Recently, I was reminded of some frustrating realities about our industry. While out to dinner with a cinematographer friend, I lamented the lack of women in technical positions on Maine sets, especially in camera and G&E.

He nodded sympathetically, “yeah, women don’t seem to go after those roles as much.”

I stood a little straighter in my chair.

“We’re here for them,” he explained. “I mean, everyone I talk to wants to be working with more women. They just need to reach out.”

It took a second for his meaning to hit me. Intentionally or not, he blamed the lack of women in our local industry on the women themselves. They aren’t doing enough to make their interest known.

Yet as the director of production at p3 and the president of the Maine Film Association I receive almost weekly emails from men and women, mostly those graduating high school and college, asking me for advice on how to break into the industry. Nearly all of them are interested in the technical aspect of the work and hope to one day be a cinematographer, gaffer, or director.

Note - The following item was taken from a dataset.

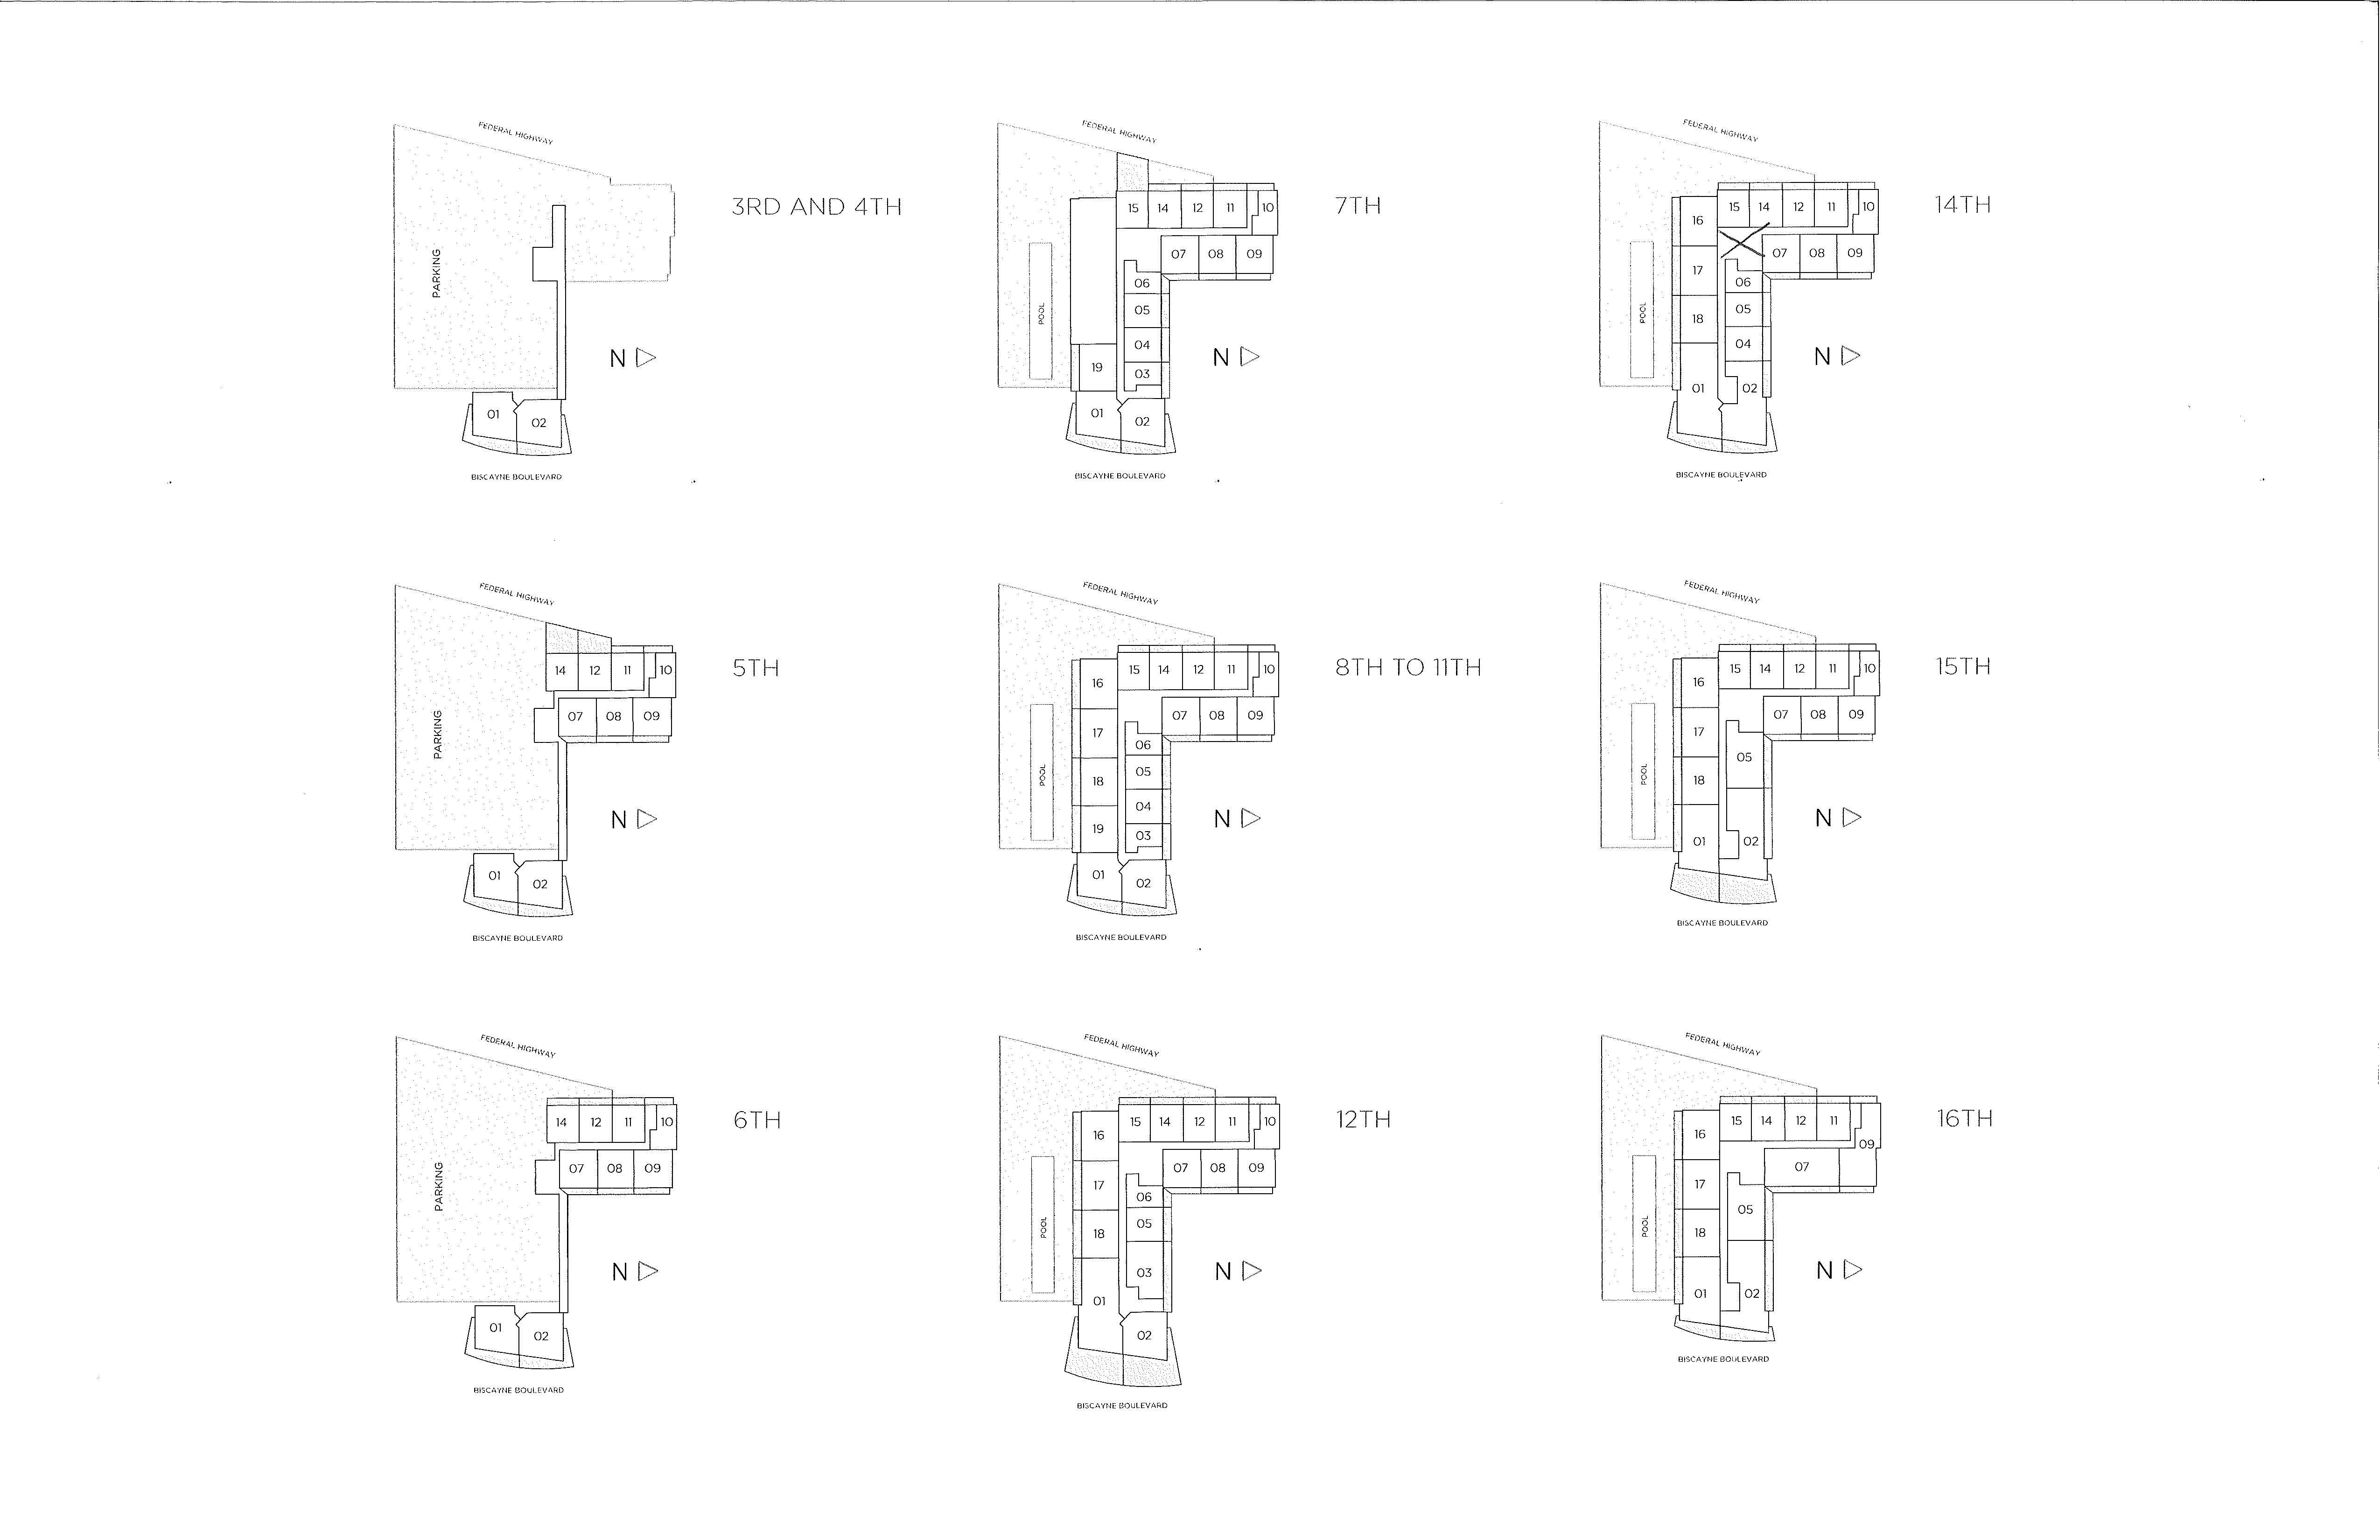 Baltus House Site Plan Floors 7 to 14
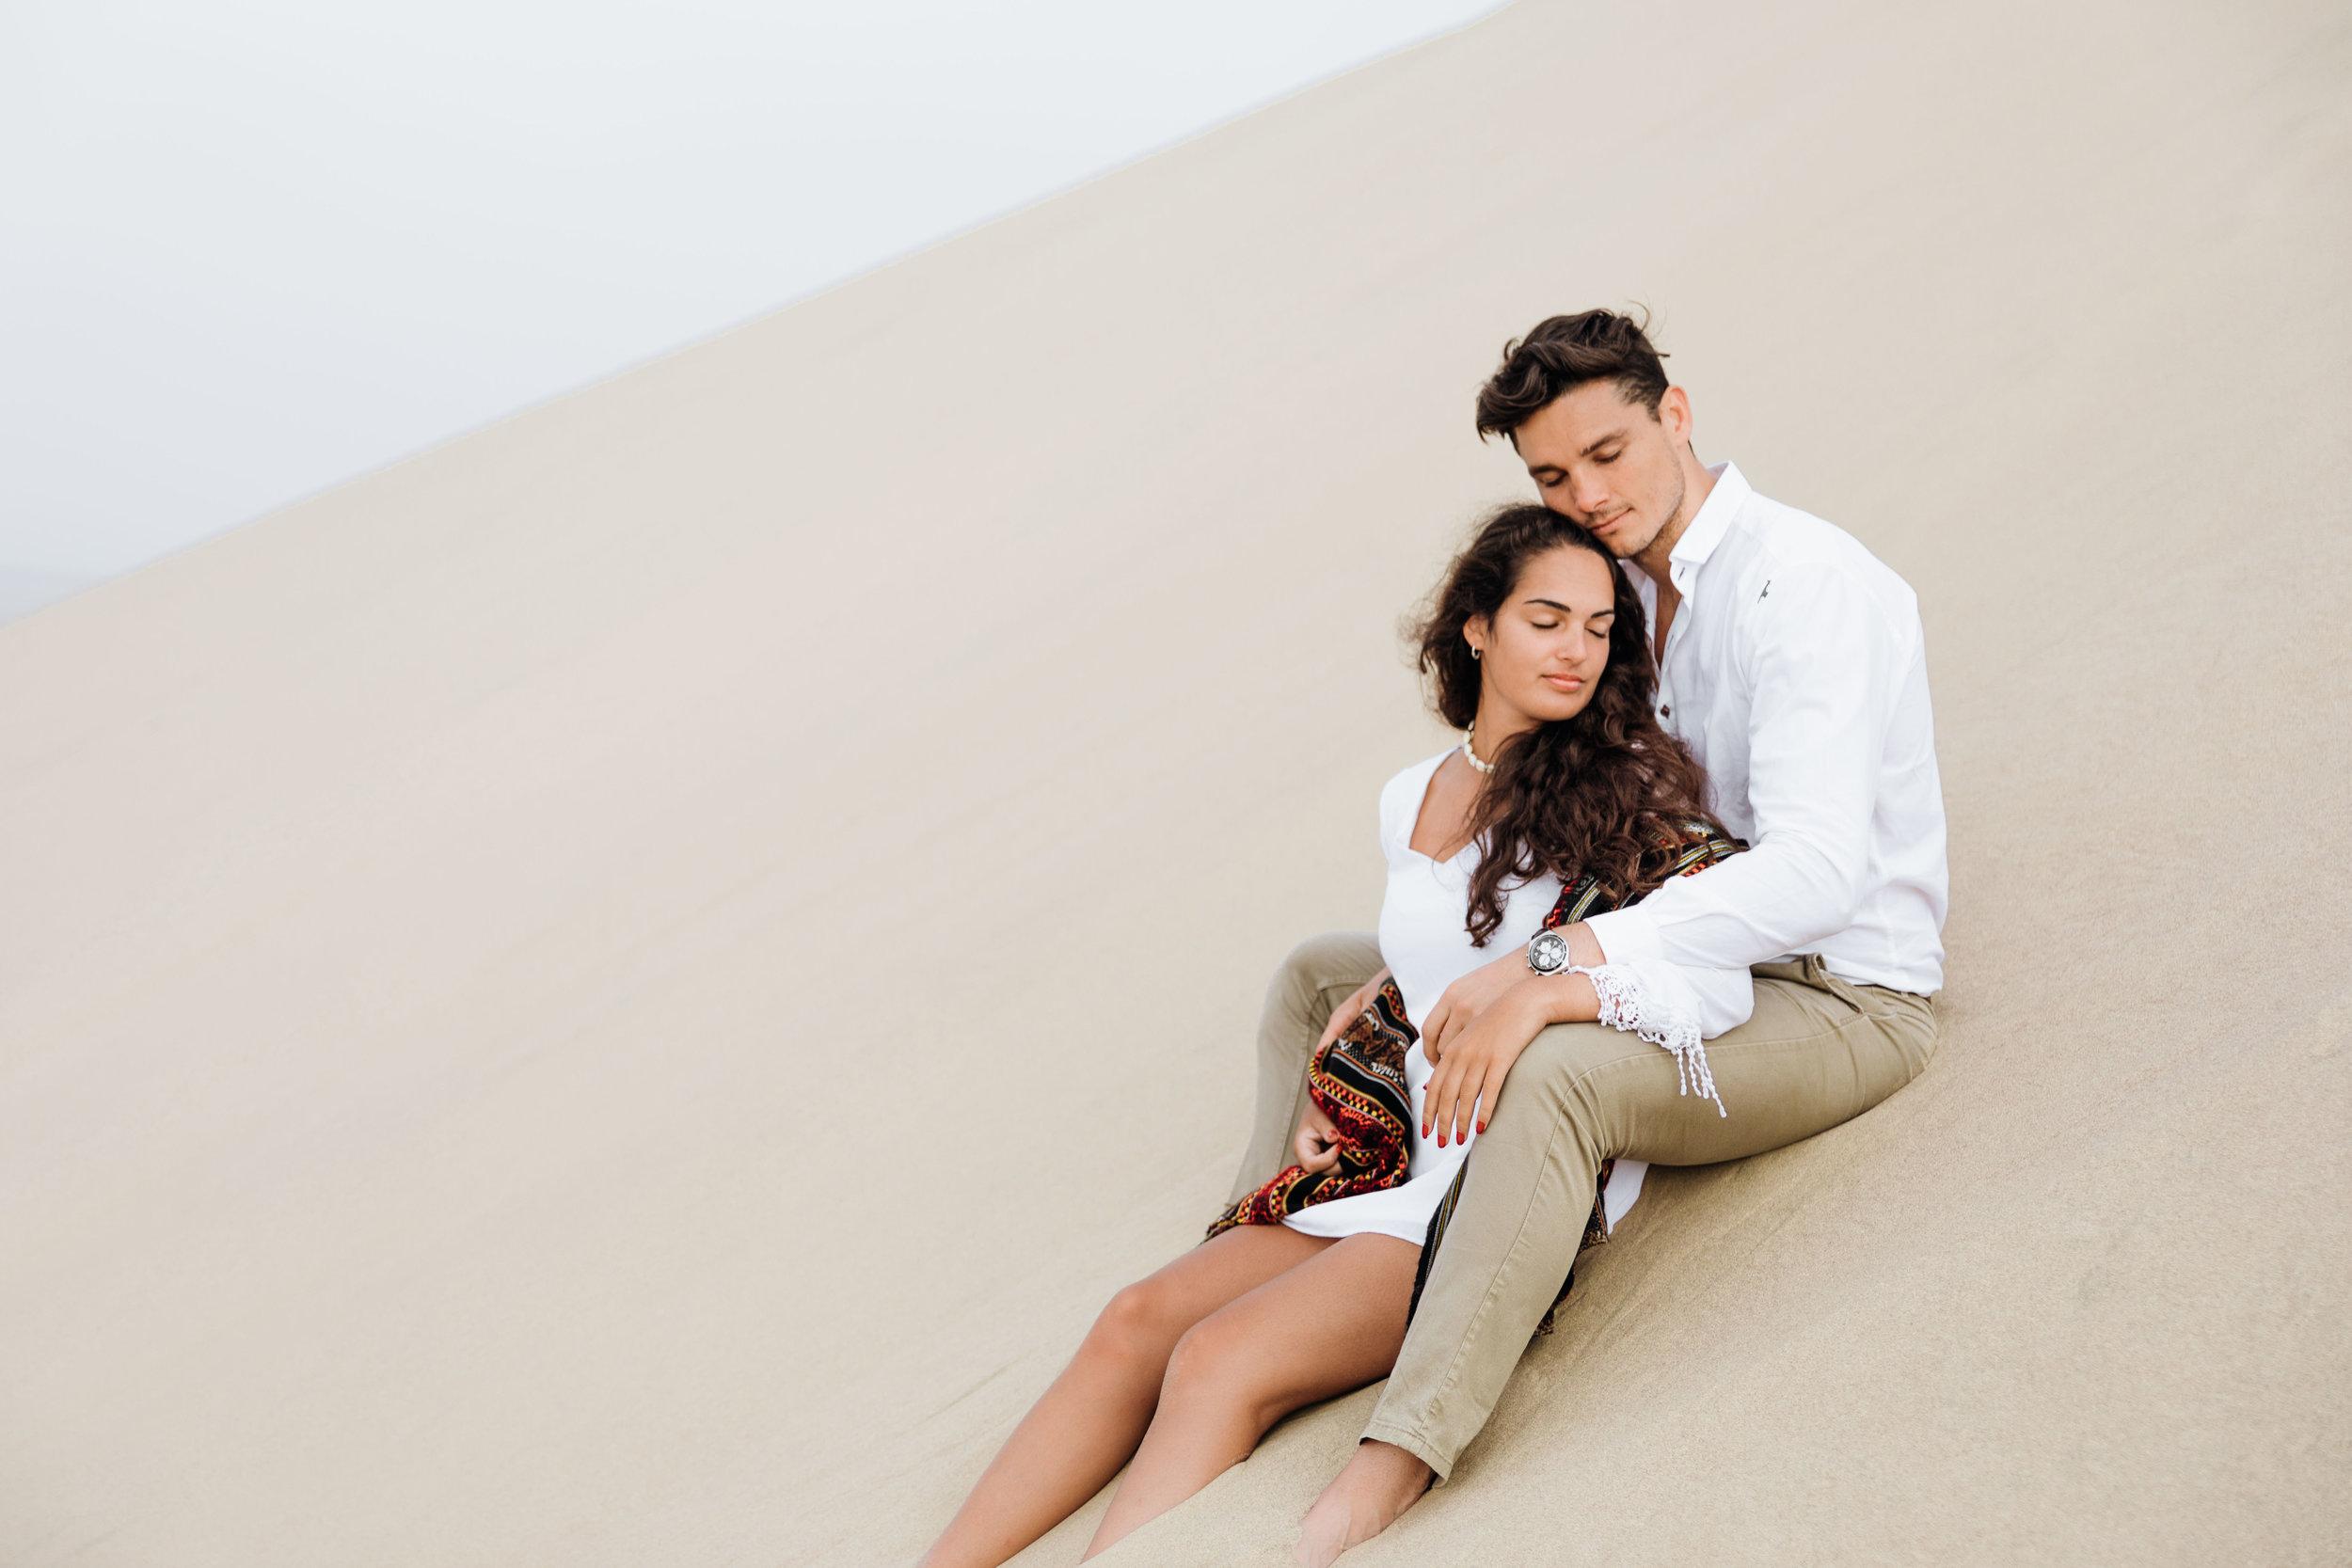 huacachina-peru-honeymoon-elopement-destination-wedding-photography-michael-cozzens-39.jpg

Why isn’t that interest reflected in today’s local commercial sets? When does the fall off happen and why?

These are complicated questions that can’t be answered in just 500 words. But I can send out this little reminder for myself, my friend, and my film community:

It’s not enough to just be available

From my limited white, cis-gendered perspective, I know how important it is to see yourself represented in a position of power. And in our small (but growing) film community it’s rare to see women in technical positions, which causes some women to doubt themselves. It can create a voice that tells a professional photographer that even after 15 years in the business she’s not qualified to be a Camera PA on a commercial set.

My friend would probably say it’s wise to be humble, but this isn’t always humility. Sometimes it’s a belief she must be perfect before she even tries. Or a fear no one will take her seriously since men still question if she can lift the camera case. (True story.)

These realities are in direct opposition with the simple truth that diversity and inclusion are good for business. We are storytellers after all and, in a male dominated field, women’s expertise and experience provide a set with fresh ideas and energy.

So if you’re a producer, director, DP, camera assistant, gaffer, grip or in any position of power on set and, like me, you want to see more women in your industry then please listen carefully when you hear a young PA tell you she’s interested in your department. Encourage her, share your knowledge, and remember that your attention is valuable.

If she reaches out, take the time to respond and meet up for that coffee she offered. Then, when the right role presents itself, take a chance and hire her. I’m not advocating for filling a quota to make your set look progressive but setting these women up for success with the right opportunity.

Show her that even though it’s a boy’s club, at least it’s a welcoming boy’s club.